In accordance with the present invention there is provided a device for producing a fluid containing a radioactive constituent, the device comprising a shielded chamber with an opening for receiving an isotope container housing a radioactive isotope, a camera closure adapted to operate together with and closing the camera aperture; a first fluid port comprising a first hollow needle projecting into the shielded chamber from the chamber closure for fluid communication with the isotope container; a second fluid port comprising a second hollow needle projecting into the shielded chamber from the closed end of the chamber opposite the closure of the chamber for fluid communication with the isotope container; first and second compressible plugs mounted to surround at least partially the respective first and second hollow needles, each plug providing an external surface for contact with opposite ends of the isotope container; and a spacer of a predetermined thickness associated with one or each of the first and second compressible plugs to determine the positioning of the isotope container within the shielded chamber.

Preferably, with the closure of the chamber in place at the chamber opening, the first and second hollow needles are fixed in position at each end of the shielded chamber and ideally the spacer is provided with the second compressible plug at the closed end of the chamber. armored.

In a preferred embodiment, the material of the first and second compressible plugs is a semi-open cell foam, while the spacer material is a closed cell foam.

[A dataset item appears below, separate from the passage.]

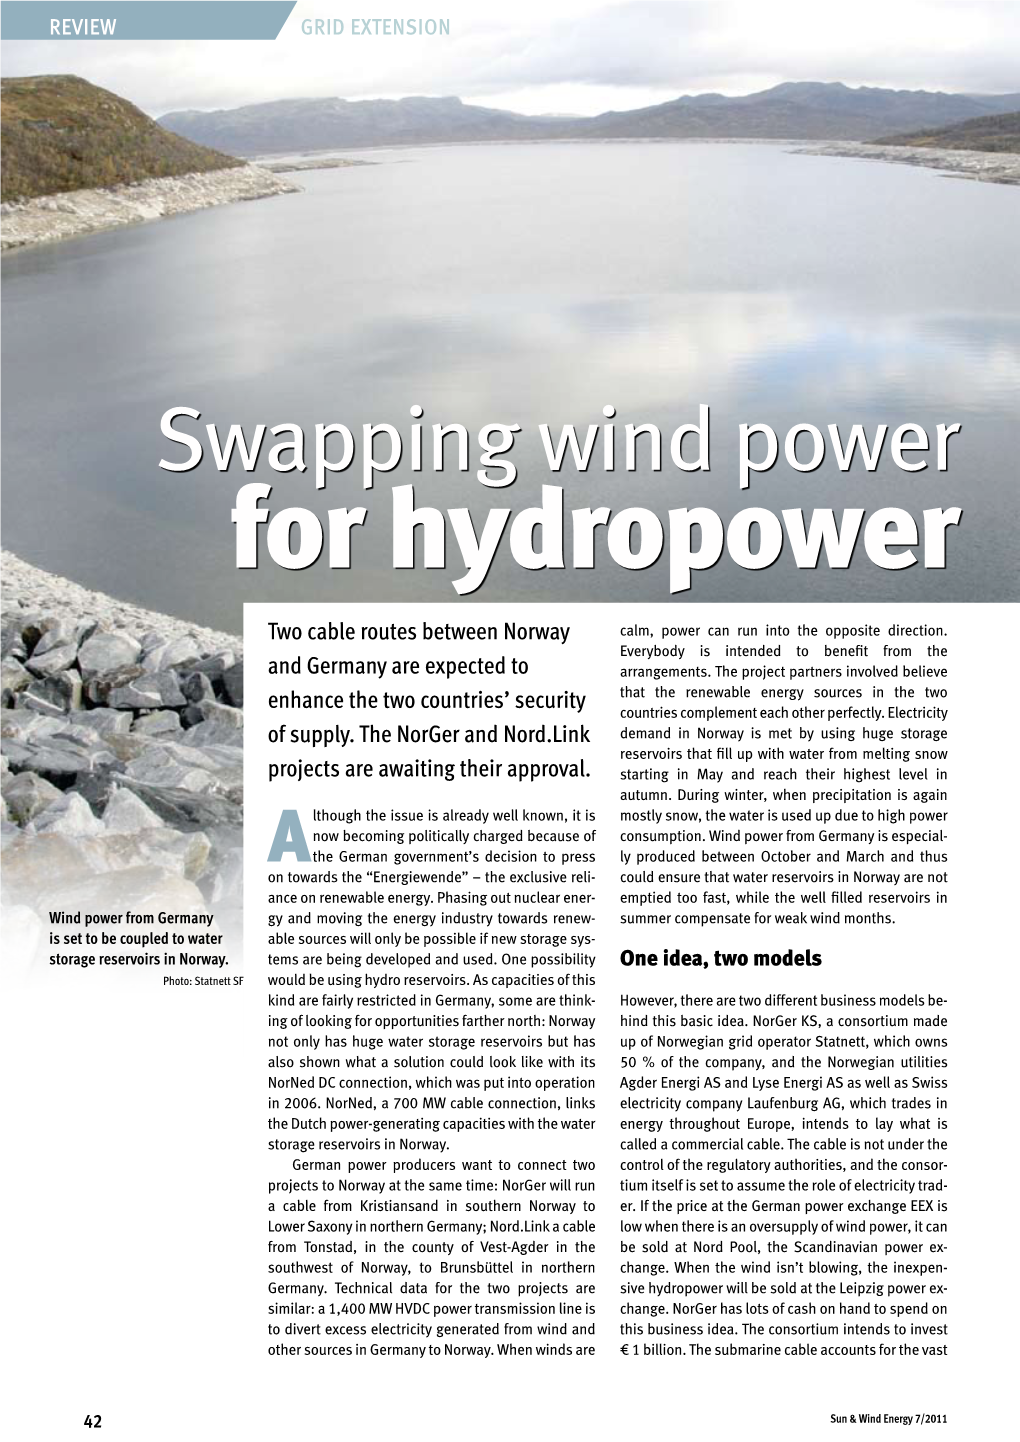 For Hydropower

In addition, the isotope container is preferably an ion exchange column, and each of its opposite ends preferably includes a fragile seal adapted to be punctured by and to seal around respective first and second hollow needles.

In the preferred embodiment, the first and second hollow needles are each connected by fluid conduits associated with a fluid inlet and a fluid outlet respectively with the fluid inlet and fluid outlet ideally consisting of spikes. hollow Also, the device preferably further includes an outer casing within which the shielded chamber is located, in which the fluid inlet and fluid outlet are mounted on the outer casing to provide external fluid connections to the outer casing.

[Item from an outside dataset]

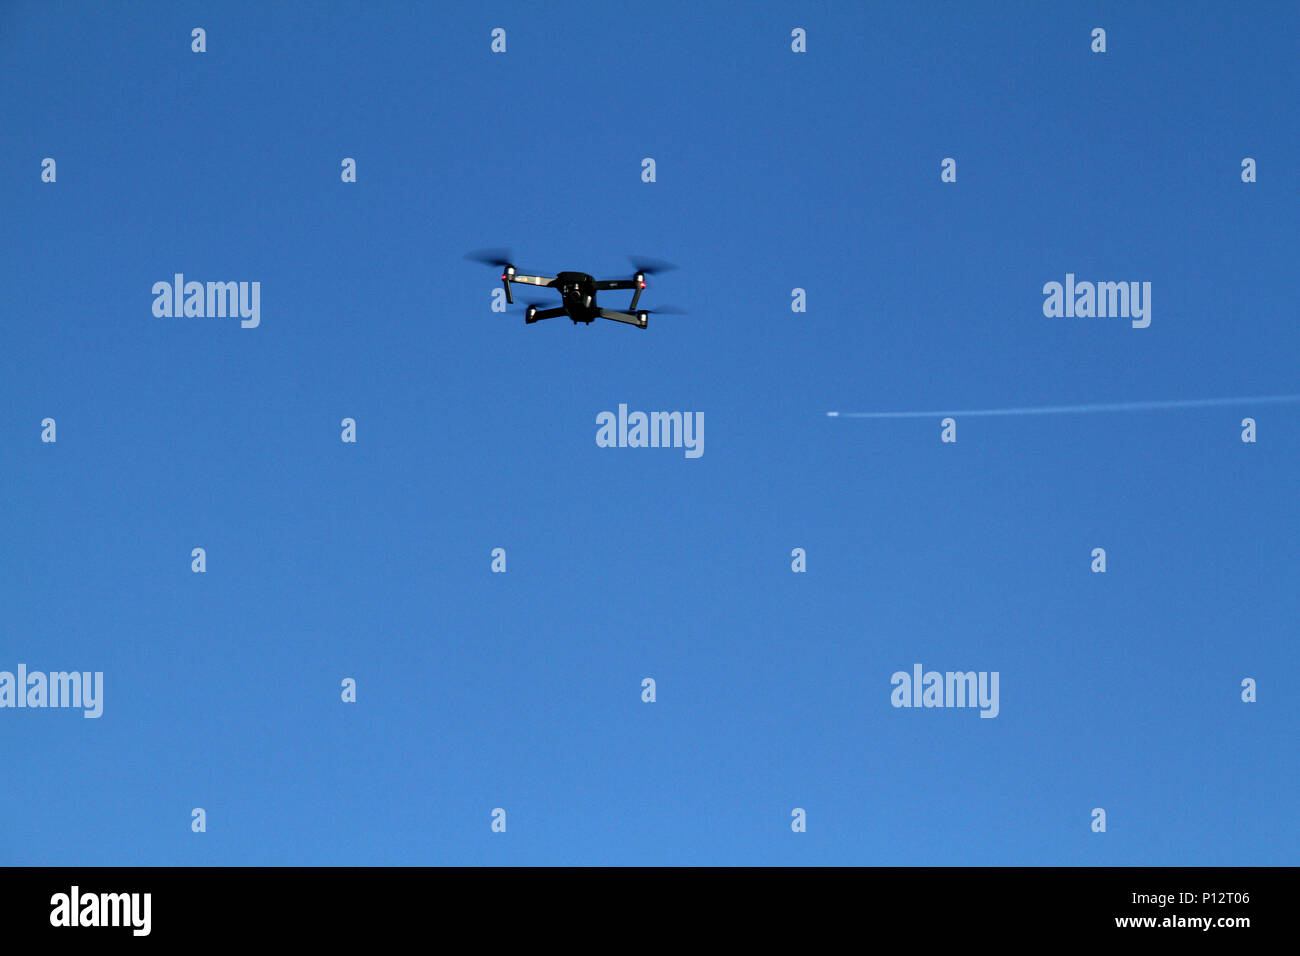 Drone flying, with airplane seen in background Stock Photo

The fluid conduits may each consist of flexible tubing which is greater in length than the distance between the hollow needles and their respective fluid inlet and outlet.

In another aspect, the present invention provides a method for constructing a radioisotope generator comprising the steps of: providing an armored chamber with a chamber aperture and closure adapted to operate in conjunction with and closing the chamber aperture; providing a first fluid port comprising a first hollow needle projecting into the shielded chamber from the chamber closure; providing a second fluid port comprising a second hollow needle projecting into the shielded chamber at the opposite end of the chamber; mounting first and second compressible plugs so as to at least partially surround the respective first and second hollow needles, one or each of the compressible plugs, including a spacer of predetermined thickness; thereafter introducing an isotope container housing a radioactive isotope through the chamber opening into the shielded chamber so as to contact the second hollow needle and the second compressible plug at the closed end of the chamber; and closing the shielded chamber by positioning the chamber closure in the opening, and bringing the first hollow needle and first compressible plug into contact with the isotope container, whereby the spacer determines the positioning of the isotope container within the shielded container.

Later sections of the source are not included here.